Step 3, Add a model router and gateway
- Router: send different queries to different models (cheap model for easy queries, strong model for hard ones; specialized models per task). Balances cost vs. quality.
- Gateway: a unified, secure entry point to manage models, keys, rate limits, and logging.
Step 4, Add caching
- Cache responses (and intermediate results / prompt prefixes) to cut cost and latency (ties to Ch 9).
- Exact caching and semantic caching (reuse answers for similar questions), with care about staleness and correctness.
Step 5, Add complex logic & orchestration
- Multi-step flows, agentic loops, write-actions, retries, and fallbacks.
- An orchestrator ties components together (retrievers, tools, models, guardrails) into a coherent pipeline.
Step 6, Add observability & monitoring
- Log inputs, outputs, context, latency, cost, and errors.
- Monitor quality, drift, safety, and spend in production (extends Ch 4's "evaluation in production").
- Observability is what lets you debug and improve a system you can't fully predict.
The architecture is a checklist, not a mandate
You don't need all of this on day one. Add context → guardrails → routing → caching → orchestration → monitoring in response to actual pain. Premature complexity is a common failure.
The other half: user feedback
Feedback is the fuel for continual improvement, it's how you get real-world evaluation data and training data (Ch 4 and Ch 8 depend on it).
Why feedback is special for AI
- AI outputs are open-ended, so you often can't tell quality without user signals.
- Good feedback becomes your eval set and your finetuning data: a compounding advantage (a "data flywheel").
Types of feedback
- Explicit: thumbs up/down, ratings, corrections, reports. Clear but sparse (most users won't bother).
- Implicit: behavior that reveals satisfaction: did they accept the suggestion, copy the answer, retry/rephrase, abandon, or continue the conversation?
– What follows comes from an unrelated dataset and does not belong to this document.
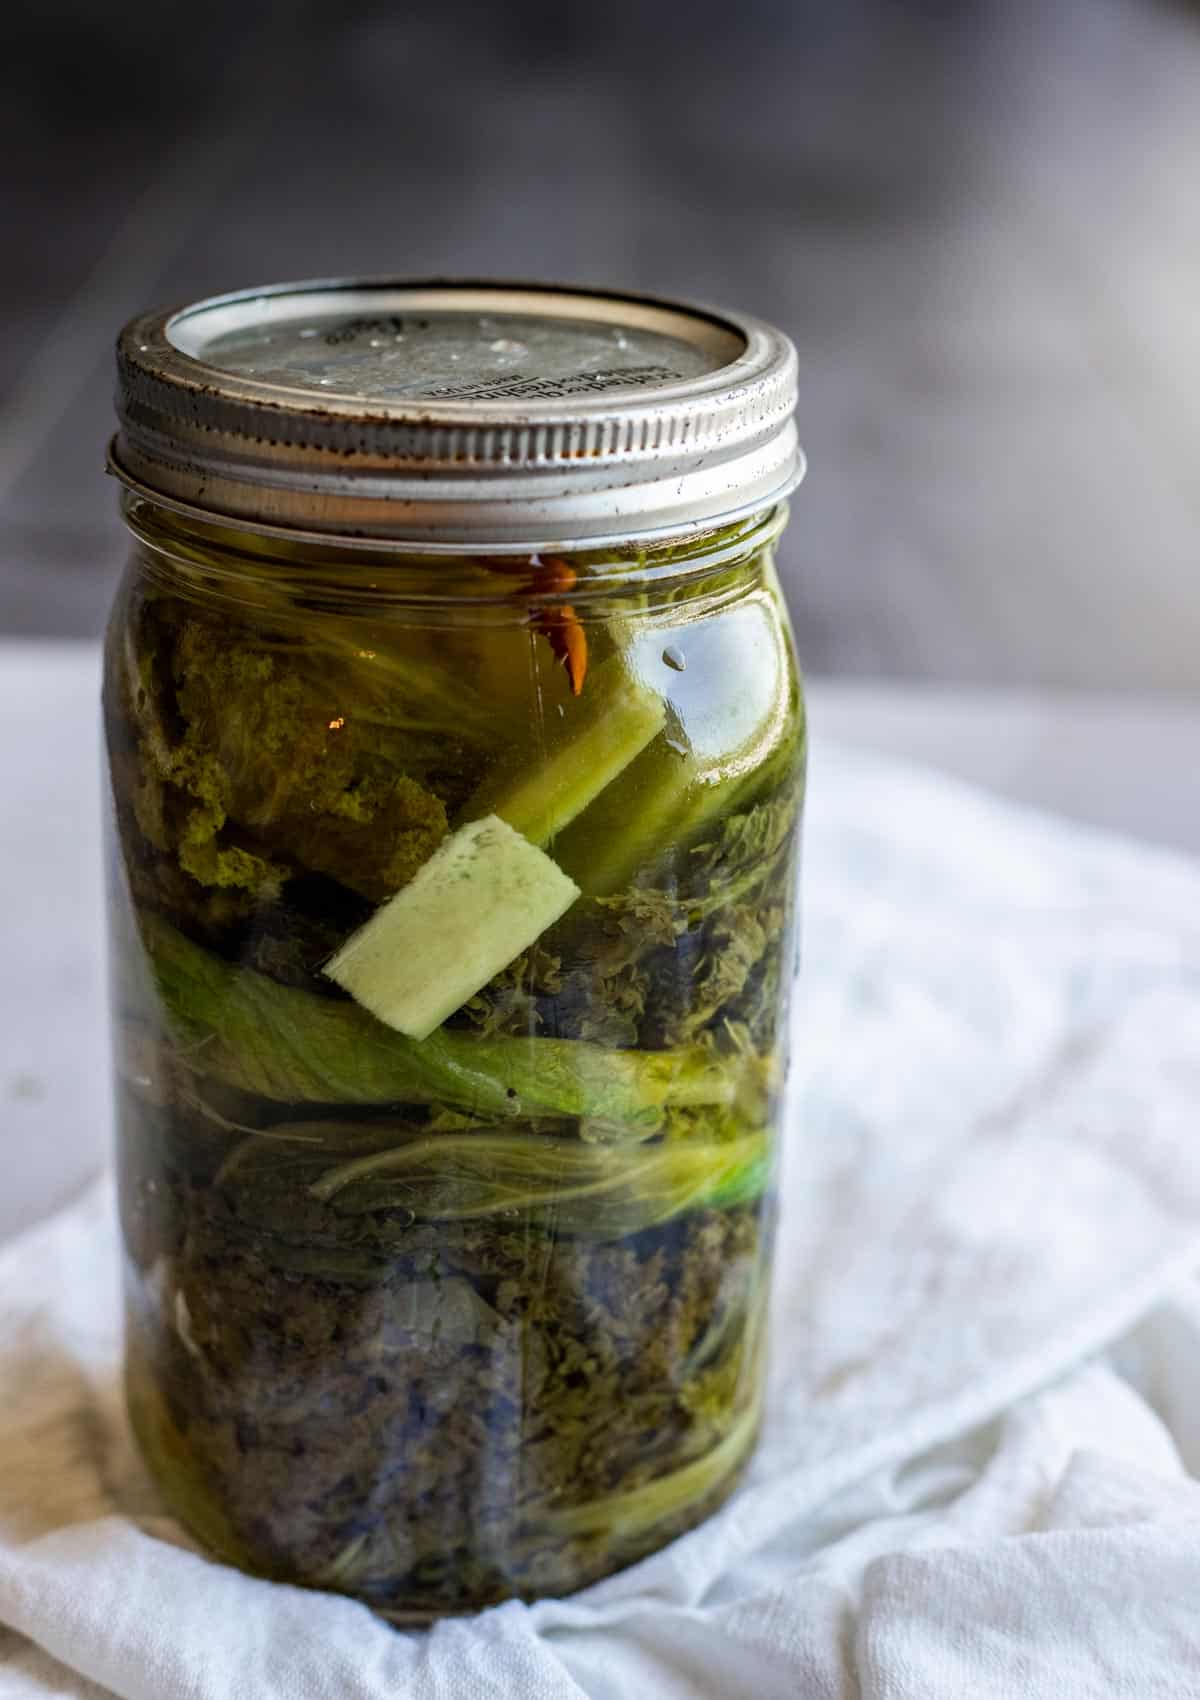 Pickled mustard greens in a glass jar with a lid.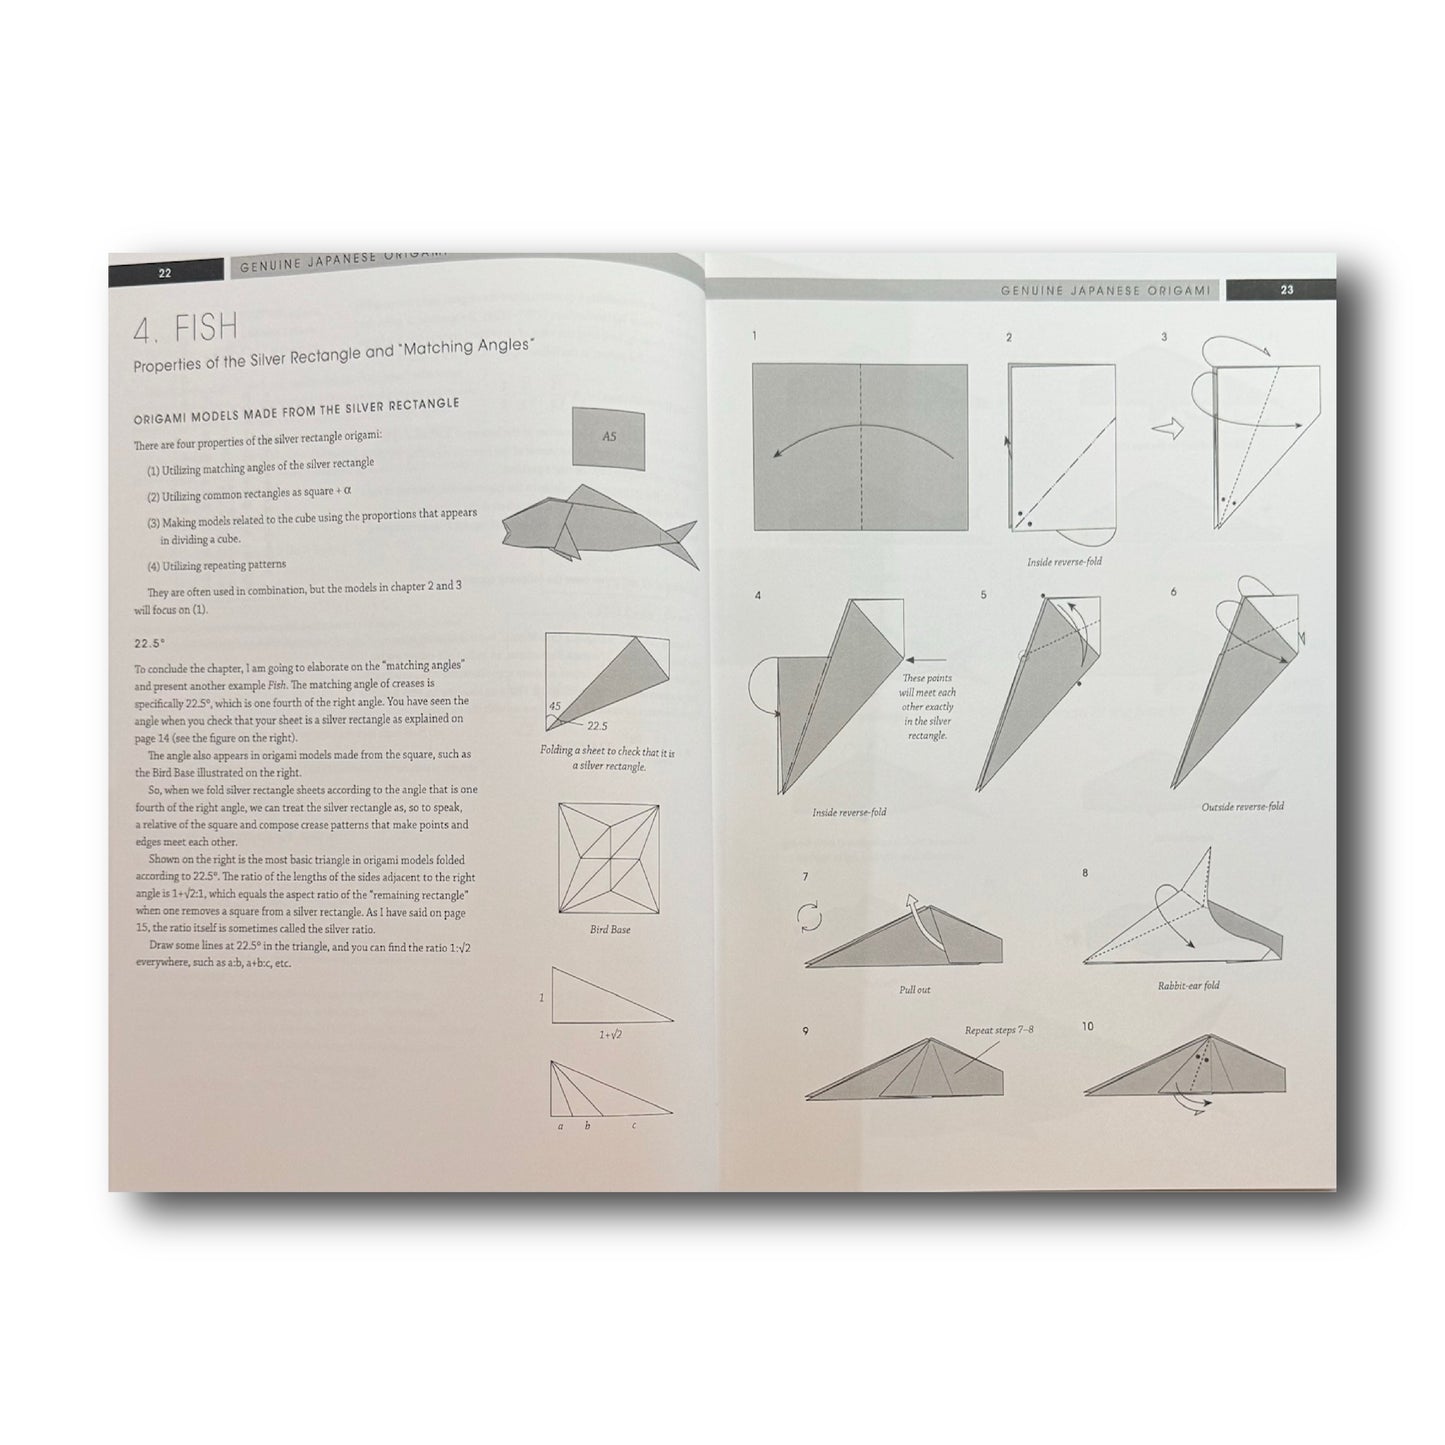 Genuine Japanese Origami, Book 1: 33 Mathematical Models Based Upon (the square root of) 2

Abundant but noisy/ambiguous.
Designing a good feedback system
- Make it effortless: low-friction ways to signal quality.
- Capture implicit signals: they're where the volume is.
- Ask at the right moment: request feedback when it's natural, not annoying.
- Don't degrade UX: feedback collection must never get in the user's way.
- Watch for bias: who gives feedback isn't representative; loud complaints ≠ the average user.
- Close the loop: route feedback into evaluation, prompt/RAG improvements, and finetuning data.
Feedback can mislead
Implicit signals are biased and ambiguous (a user might copy a wrong answer). Combine multiple signals, and validate before treating feedback as ground truth.
The full loop
Build → Deploy → Collect feedback → Evaluate → Improve (prompt/RAG/finetune/data)
▲ │
└──────────────────────────────────────────────────────────────┘This is the heartbeat of AI engineering: a product that gets better the more it's used, because feedback continuously feeds evaluation and improvement.
Takeaways
- Start with the simplest architecture and add components only when a real problem appears.
- The build-up order: context → guardrails → router/gateway → cache → orchestration → monitoring.
- Routing + caching are major cost/latency levers; guardrails + monitoring keep it safe and observable.
- User feedback is the fuel for continual improvement, capture both explicit and implicit signals.
- Design feedback to be low-friction and UX-safe, watch for bias, and close the loop back into eval and data.
- Great AI products are systems with feedback loops, not one-off model calls.